-- Dataset section --
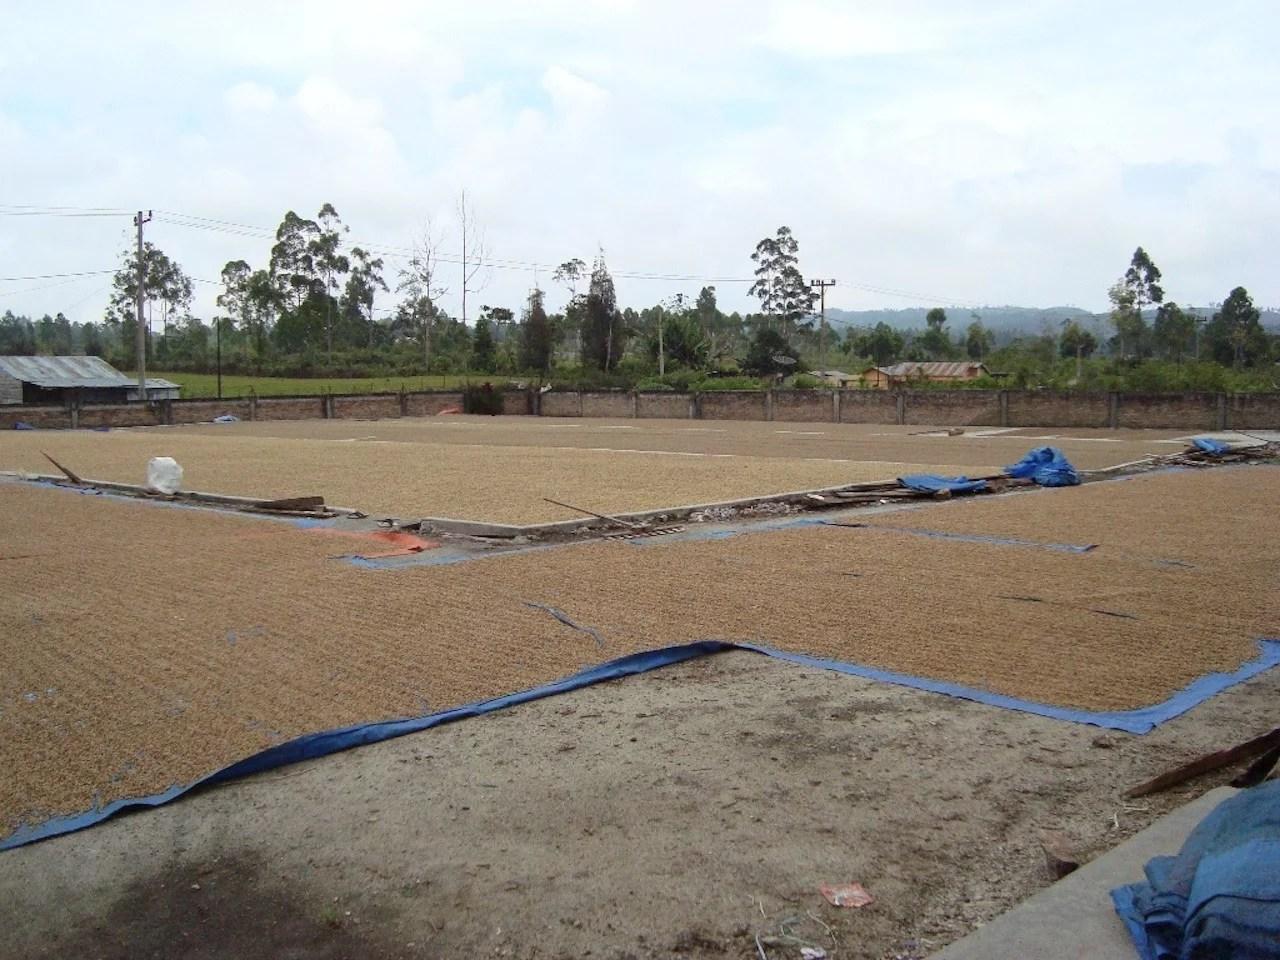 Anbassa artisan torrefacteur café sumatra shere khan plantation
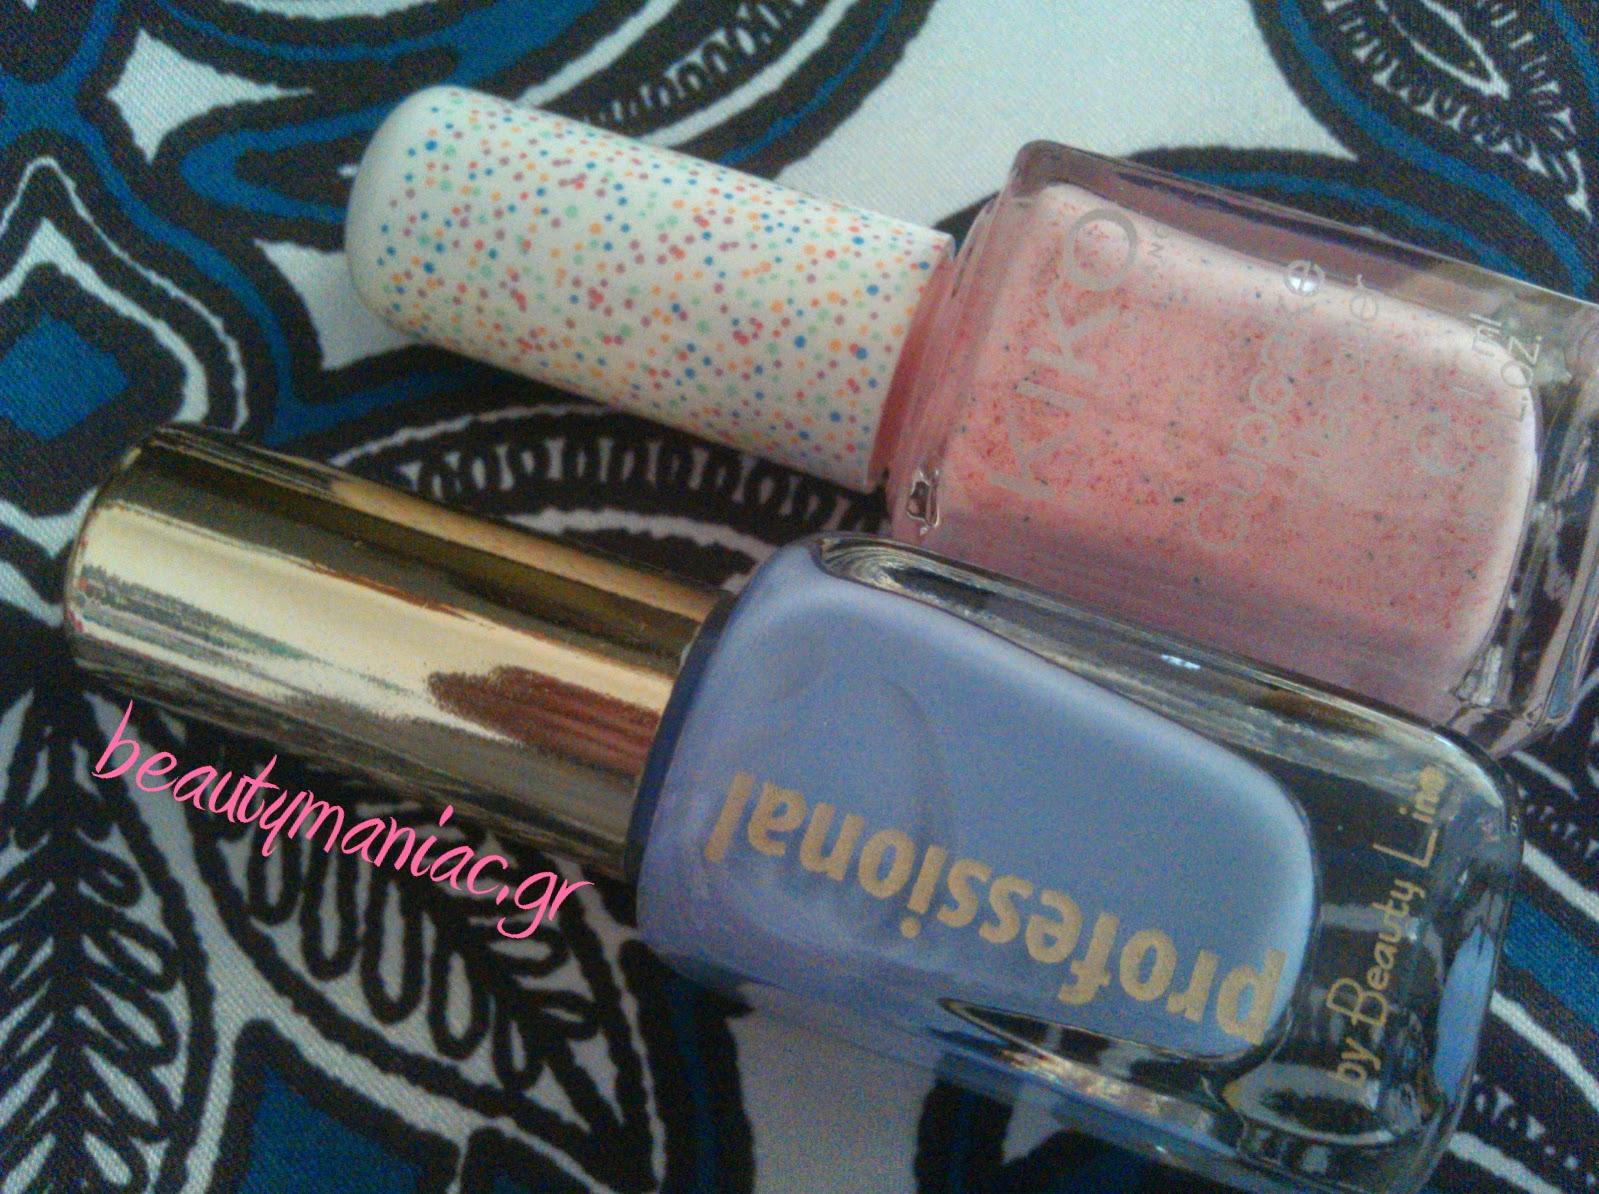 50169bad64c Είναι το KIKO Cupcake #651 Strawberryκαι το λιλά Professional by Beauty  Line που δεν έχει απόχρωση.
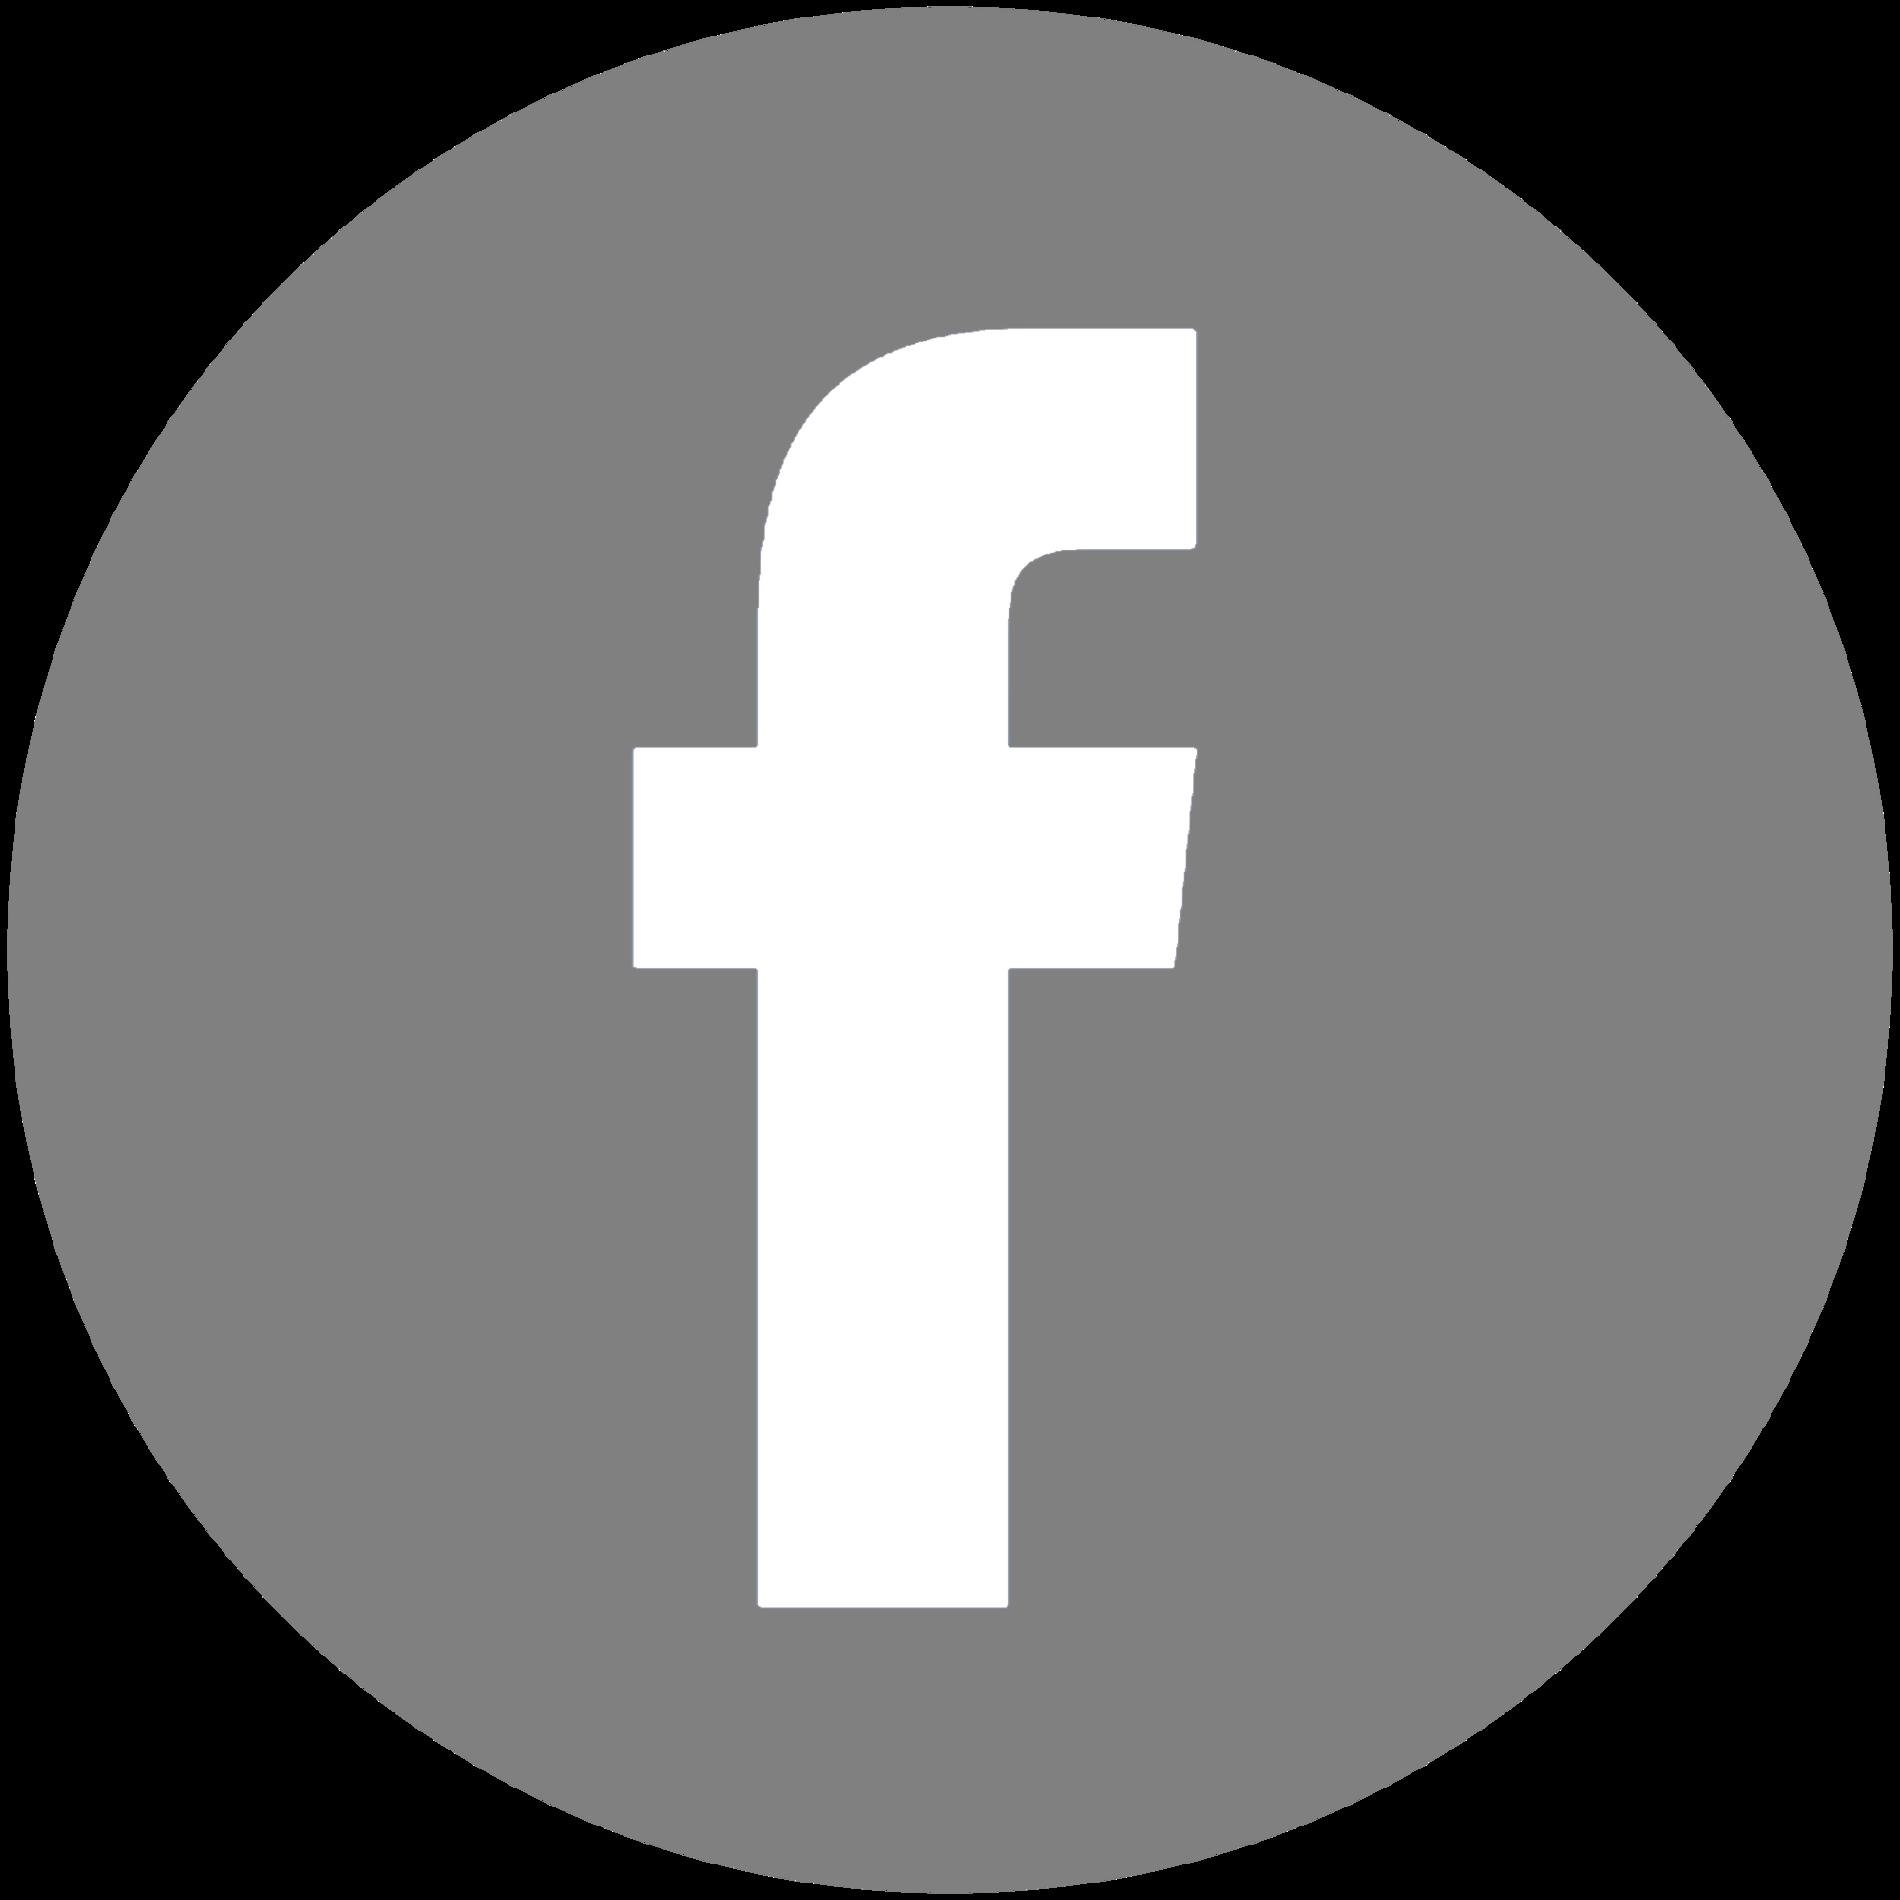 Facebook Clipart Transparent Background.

-- Task objective --
When you repeat the material, keep every word exact and drop the pictures.

-- Expected answer --
 Anbassa artisan torrefacteur café sumatra shere khan plantation
 50169bad64c Είναι το KIKO Cupcake #651 Strawberryκαι το λιλά Professional by Beauty  Line που δεν έχει απόχρωση.
 Facebook Clipart Transparent Background.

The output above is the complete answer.